Within the UK, as here in the past, many of those receiving welfare benefits have come to see them as something they were owed. They hold those supporting them in contempt, seeing them as nothing but wage earners to be exploited.
Like a mythical traveller seeking truth, a think tank has asked a profound question: what is fairness? And lo, the people have answered with (almost) one voice: what “fair” means is that those who are deserving shall receive, and those who are not shall be – well, not exactly cast out, but certainly not entitled to everything that’s going.
--snip--
After all these years of being morally blackmailed by the poverty lobby, harried by socialist ideologues and shouted at by self-serving public sector axe-grinders, the people are not cowed.
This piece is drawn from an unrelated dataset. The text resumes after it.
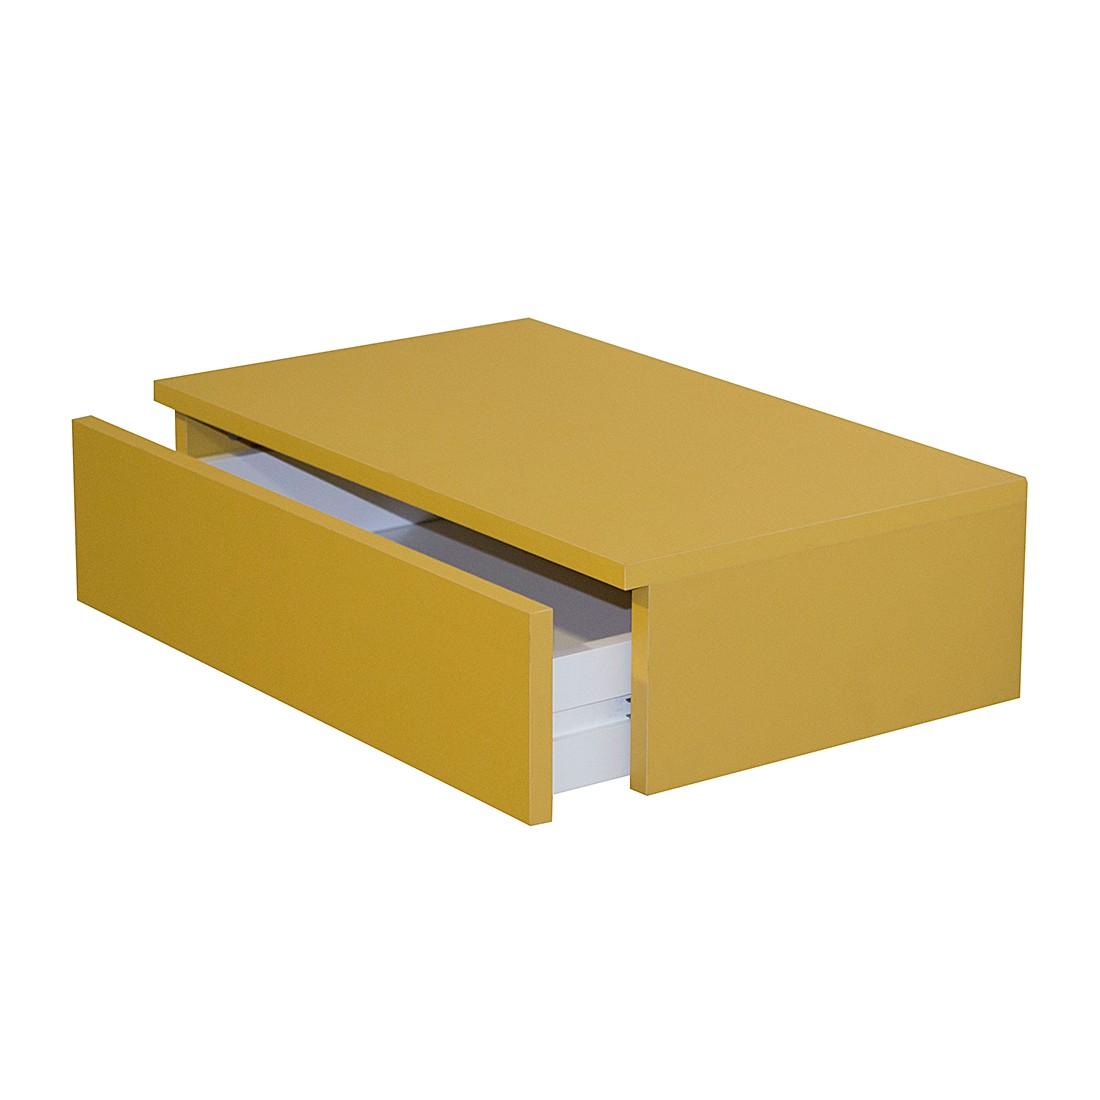 Wandkonsole Weiß Mit Schublade Wandkonsole Schublade
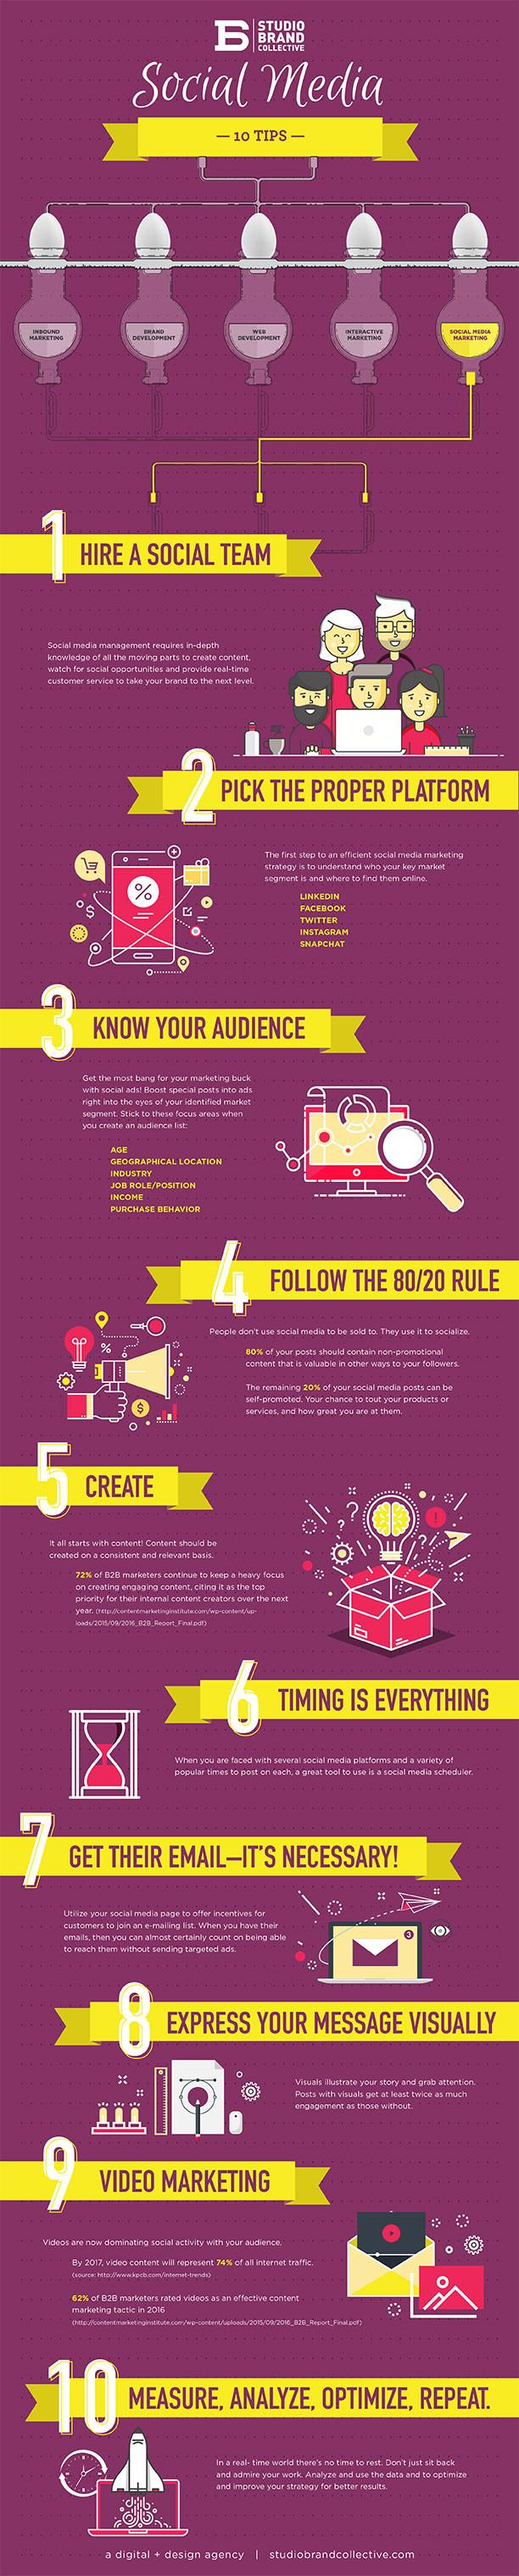 social media tips for B2B infographic

Even after being bludgeoned by the BBC thought monitors and browbeaten by Left-liberal media academics with the soft Marxist view of a “fair” society – from each according to his abilities, to each according to his needs – they have not bought it. They do not believe that if people are poor, it is necessarily society’s fault, and therefore society’s duty to deal with the consequences.
Welfare reform in the US during the Clinton Administration was based upon breaking the generational dependence upon government handouts, excising the able-bodied from the welfare roles and supporting the truly needy. And so the average Brit sees it now. Is it any wonder they are demanding changes in the welfare system as it exists now?